*** Begin section ***
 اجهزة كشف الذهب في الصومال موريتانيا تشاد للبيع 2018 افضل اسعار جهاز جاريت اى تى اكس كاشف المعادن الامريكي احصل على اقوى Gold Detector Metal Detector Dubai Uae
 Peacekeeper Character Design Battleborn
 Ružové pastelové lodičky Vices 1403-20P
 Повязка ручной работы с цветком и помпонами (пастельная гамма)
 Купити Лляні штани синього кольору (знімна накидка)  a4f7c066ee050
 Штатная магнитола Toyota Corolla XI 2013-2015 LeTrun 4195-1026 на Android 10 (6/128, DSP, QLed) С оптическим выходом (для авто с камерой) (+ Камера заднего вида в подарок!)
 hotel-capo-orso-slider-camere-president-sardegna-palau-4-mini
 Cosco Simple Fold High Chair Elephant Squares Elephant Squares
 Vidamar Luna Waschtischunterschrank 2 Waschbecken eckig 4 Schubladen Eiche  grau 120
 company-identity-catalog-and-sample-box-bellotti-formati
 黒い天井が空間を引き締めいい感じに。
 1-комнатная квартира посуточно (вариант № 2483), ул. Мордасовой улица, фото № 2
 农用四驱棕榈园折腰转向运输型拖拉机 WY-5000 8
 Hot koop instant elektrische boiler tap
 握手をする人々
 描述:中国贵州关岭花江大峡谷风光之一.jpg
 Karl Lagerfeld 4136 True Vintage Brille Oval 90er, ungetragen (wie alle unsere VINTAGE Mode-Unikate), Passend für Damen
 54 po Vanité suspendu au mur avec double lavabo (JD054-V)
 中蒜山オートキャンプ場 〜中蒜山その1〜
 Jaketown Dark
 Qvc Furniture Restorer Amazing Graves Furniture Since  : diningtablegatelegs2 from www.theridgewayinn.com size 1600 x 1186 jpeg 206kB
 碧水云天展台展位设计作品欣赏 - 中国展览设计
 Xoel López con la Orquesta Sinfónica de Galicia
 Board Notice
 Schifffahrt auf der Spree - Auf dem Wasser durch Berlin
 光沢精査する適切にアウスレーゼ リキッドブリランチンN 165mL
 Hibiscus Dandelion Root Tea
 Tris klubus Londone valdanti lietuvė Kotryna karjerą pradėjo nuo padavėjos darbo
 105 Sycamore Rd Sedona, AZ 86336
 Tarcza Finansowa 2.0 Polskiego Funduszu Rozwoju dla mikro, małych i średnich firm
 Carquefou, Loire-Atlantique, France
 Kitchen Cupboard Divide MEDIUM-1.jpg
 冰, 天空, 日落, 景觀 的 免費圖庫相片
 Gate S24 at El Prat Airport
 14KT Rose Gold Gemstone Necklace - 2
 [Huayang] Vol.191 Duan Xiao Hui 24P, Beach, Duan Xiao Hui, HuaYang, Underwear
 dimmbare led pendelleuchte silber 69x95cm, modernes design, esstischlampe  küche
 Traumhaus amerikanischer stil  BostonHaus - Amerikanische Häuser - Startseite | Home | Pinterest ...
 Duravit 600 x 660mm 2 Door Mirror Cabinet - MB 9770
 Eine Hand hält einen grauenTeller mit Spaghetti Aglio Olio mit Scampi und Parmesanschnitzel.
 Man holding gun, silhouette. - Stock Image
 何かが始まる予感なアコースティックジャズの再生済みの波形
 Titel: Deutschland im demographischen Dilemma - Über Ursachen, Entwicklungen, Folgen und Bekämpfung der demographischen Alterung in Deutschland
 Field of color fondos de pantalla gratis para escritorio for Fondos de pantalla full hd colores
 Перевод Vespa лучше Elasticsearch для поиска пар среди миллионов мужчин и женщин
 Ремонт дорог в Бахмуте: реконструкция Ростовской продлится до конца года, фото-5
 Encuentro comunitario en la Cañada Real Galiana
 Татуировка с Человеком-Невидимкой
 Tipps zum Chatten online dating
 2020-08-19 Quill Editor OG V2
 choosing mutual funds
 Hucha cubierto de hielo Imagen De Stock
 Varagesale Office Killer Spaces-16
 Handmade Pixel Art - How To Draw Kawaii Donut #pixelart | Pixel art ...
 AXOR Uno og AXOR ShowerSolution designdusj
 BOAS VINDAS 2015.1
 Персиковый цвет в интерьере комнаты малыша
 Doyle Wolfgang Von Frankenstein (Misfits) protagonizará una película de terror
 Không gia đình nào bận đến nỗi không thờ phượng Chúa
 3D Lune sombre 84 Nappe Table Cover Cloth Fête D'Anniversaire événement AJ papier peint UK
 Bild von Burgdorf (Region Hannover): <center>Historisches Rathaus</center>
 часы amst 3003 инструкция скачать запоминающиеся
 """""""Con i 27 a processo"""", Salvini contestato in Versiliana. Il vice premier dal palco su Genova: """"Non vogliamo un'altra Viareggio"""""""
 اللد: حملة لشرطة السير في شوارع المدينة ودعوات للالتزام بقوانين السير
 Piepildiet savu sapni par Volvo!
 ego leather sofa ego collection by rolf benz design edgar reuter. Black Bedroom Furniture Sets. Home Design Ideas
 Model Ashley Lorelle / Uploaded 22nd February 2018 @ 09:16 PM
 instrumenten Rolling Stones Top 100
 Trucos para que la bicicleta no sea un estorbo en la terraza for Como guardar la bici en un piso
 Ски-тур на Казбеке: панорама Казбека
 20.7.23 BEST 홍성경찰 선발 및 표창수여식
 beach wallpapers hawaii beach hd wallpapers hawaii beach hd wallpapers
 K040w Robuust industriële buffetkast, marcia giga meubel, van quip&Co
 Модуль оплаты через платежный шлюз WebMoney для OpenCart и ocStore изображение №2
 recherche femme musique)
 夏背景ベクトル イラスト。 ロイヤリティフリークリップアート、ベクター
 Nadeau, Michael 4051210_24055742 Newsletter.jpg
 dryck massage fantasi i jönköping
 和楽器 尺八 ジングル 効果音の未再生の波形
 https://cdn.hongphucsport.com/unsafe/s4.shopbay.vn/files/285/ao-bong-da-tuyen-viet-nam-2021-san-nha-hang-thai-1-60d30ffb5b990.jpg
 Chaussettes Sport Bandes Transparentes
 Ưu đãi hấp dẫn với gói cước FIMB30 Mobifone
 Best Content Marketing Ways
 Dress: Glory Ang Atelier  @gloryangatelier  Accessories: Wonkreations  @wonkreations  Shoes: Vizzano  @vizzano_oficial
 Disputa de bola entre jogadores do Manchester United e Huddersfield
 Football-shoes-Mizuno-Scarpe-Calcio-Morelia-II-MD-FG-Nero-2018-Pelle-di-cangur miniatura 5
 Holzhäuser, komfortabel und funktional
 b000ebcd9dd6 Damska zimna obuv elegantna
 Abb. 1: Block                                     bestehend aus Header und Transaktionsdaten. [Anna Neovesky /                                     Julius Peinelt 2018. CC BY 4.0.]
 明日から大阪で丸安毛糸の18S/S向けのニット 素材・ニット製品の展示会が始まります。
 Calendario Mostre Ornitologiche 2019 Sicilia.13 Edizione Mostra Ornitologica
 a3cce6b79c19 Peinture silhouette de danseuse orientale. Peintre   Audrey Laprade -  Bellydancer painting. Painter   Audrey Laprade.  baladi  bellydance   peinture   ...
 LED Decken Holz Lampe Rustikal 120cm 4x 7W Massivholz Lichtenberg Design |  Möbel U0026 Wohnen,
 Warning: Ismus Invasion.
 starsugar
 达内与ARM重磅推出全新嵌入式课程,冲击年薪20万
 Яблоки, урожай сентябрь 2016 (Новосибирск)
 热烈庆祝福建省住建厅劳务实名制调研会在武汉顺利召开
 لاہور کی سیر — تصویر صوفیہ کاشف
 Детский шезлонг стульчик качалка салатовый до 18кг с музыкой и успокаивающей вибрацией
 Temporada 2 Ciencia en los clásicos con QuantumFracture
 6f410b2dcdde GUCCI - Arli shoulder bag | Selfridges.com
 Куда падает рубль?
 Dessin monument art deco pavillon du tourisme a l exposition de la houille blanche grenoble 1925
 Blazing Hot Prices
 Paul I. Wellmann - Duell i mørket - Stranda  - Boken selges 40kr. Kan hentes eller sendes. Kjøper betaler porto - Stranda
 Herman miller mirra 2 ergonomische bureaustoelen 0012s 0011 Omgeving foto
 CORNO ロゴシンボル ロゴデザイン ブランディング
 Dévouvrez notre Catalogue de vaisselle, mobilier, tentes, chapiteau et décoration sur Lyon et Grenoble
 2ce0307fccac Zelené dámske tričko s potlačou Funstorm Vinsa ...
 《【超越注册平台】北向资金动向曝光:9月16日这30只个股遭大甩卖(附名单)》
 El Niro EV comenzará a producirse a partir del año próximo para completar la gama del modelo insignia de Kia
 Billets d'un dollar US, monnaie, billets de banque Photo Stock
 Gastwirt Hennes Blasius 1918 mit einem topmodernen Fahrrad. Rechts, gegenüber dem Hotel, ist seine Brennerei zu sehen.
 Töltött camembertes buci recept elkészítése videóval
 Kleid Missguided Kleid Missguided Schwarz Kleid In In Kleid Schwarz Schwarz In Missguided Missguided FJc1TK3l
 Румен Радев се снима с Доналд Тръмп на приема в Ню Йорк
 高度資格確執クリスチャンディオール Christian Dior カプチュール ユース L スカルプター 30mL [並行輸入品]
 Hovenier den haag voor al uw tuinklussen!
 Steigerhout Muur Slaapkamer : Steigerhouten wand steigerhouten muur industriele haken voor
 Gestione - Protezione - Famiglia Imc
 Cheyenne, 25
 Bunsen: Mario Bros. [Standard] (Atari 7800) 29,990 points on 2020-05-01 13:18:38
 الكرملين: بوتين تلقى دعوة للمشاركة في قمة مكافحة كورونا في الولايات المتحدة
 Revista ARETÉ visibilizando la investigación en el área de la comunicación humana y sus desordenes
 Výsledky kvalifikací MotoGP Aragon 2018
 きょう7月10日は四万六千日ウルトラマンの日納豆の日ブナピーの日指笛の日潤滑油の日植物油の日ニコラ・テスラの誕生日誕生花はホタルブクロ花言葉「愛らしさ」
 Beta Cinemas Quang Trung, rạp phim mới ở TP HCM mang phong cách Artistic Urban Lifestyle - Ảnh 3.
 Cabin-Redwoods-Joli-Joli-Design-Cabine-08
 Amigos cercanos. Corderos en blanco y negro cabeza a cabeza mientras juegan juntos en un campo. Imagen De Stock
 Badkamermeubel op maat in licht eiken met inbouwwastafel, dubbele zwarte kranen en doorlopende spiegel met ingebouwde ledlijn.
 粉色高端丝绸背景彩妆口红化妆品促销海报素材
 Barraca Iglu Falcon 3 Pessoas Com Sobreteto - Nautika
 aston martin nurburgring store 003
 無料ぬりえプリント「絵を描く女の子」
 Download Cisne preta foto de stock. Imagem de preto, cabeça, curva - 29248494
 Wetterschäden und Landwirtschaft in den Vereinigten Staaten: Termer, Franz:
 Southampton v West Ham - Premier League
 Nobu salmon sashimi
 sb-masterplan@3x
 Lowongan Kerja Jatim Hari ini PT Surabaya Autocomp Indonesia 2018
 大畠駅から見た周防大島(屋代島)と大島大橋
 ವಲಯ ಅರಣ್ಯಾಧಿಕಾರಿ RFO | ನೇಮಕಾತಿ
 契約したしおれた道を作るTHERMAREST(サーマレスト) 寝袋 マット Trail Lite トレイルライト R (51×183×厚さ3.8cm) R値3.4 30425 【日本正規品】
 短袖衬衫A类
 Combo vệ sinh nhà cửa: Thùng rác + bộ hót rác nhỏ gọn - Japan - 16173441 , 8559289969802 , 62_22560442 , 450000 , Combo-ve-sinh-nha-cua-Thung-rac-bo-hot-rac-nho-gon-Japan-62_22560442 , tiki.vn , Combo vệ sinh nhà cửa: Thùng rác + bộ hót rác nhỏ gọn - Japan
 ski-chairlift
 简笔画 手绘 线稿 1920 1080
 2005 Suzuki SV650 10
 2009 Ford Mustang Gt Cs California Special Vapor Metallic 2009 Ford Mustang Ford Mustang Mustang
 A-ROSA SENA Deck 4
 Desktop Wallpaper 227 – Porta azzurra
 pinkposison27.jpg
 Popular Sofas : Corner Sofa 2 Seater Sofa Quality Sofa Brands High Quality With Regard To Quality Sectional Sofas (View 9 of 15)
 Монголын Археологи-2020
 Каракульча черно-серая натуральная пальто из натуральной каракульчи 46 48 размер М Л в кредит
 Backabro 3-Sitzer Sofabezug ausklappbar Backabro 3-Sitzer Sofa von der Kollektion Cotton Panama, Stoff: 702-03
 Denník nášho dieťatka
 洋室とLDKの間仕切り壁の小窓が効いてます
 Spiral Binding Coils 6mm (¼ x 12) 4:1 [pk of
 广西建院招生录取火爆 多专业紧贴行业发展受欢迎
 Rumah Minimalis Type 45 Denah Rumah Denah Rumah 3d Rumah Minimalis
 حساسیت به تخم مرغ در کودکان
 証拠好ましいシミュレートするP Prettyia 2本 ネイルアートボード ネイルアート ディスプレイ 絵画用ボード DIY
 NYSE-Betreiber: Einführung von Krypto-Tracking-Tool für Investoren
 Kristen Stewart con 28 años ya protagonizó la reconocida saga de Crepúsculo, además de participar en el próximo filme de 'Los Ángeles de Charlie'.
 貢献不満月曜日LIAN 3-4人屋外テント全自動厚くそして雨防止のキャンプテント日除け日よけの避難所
*** End section ***
Up to and including the line with "1-комнатная квартира посуточно", transcribe the entries above exactly, starting from their first line.

 اجهزة كشف الذهب في الصومال موريتانيا تشاد للبيع 2018 افضل اسعار جهاز جاريت اى تى اكس كاشف المعادن الامريكي احصل على اقوى Gold Detector Metal Detector Dubai Uae
 Peacekeeper Character Design Battleborn
 Ružové pastelové lodičky Vices 1403-20P
 Повязка ручной работы с цветком и помпонами (пастельная гамма)
 Купити Лляні штани синього кольору (знімна накидка)  a4f7c066ee050
 Штатная магнитола Toyota Corolla XI 2013-2015 LeTrun 4195-1026 на Android 10 (6/128, DSP, QLed) С оптическим выходом (для авто с камерой) (+ Камера заднего вида в подарок!)
 hotel-capo-orso-slider-camere-president-sardegna-palau-4-mini
 Cosco Simple Fold High Chair Elephant Squares Elephant Squares
 Vidamar Luna Waschtischunterschrank 2 Waschbecken eckig 4 Schubladen Eiche  grau 120
 company-identity-catalog-and-sample-box-bellotti-formati
 黒い天井が空間を引き締めいい感じに。
 1-комнатная квартира посуточно (вариант № 2483), ул. Мордасовой улица, фото № 2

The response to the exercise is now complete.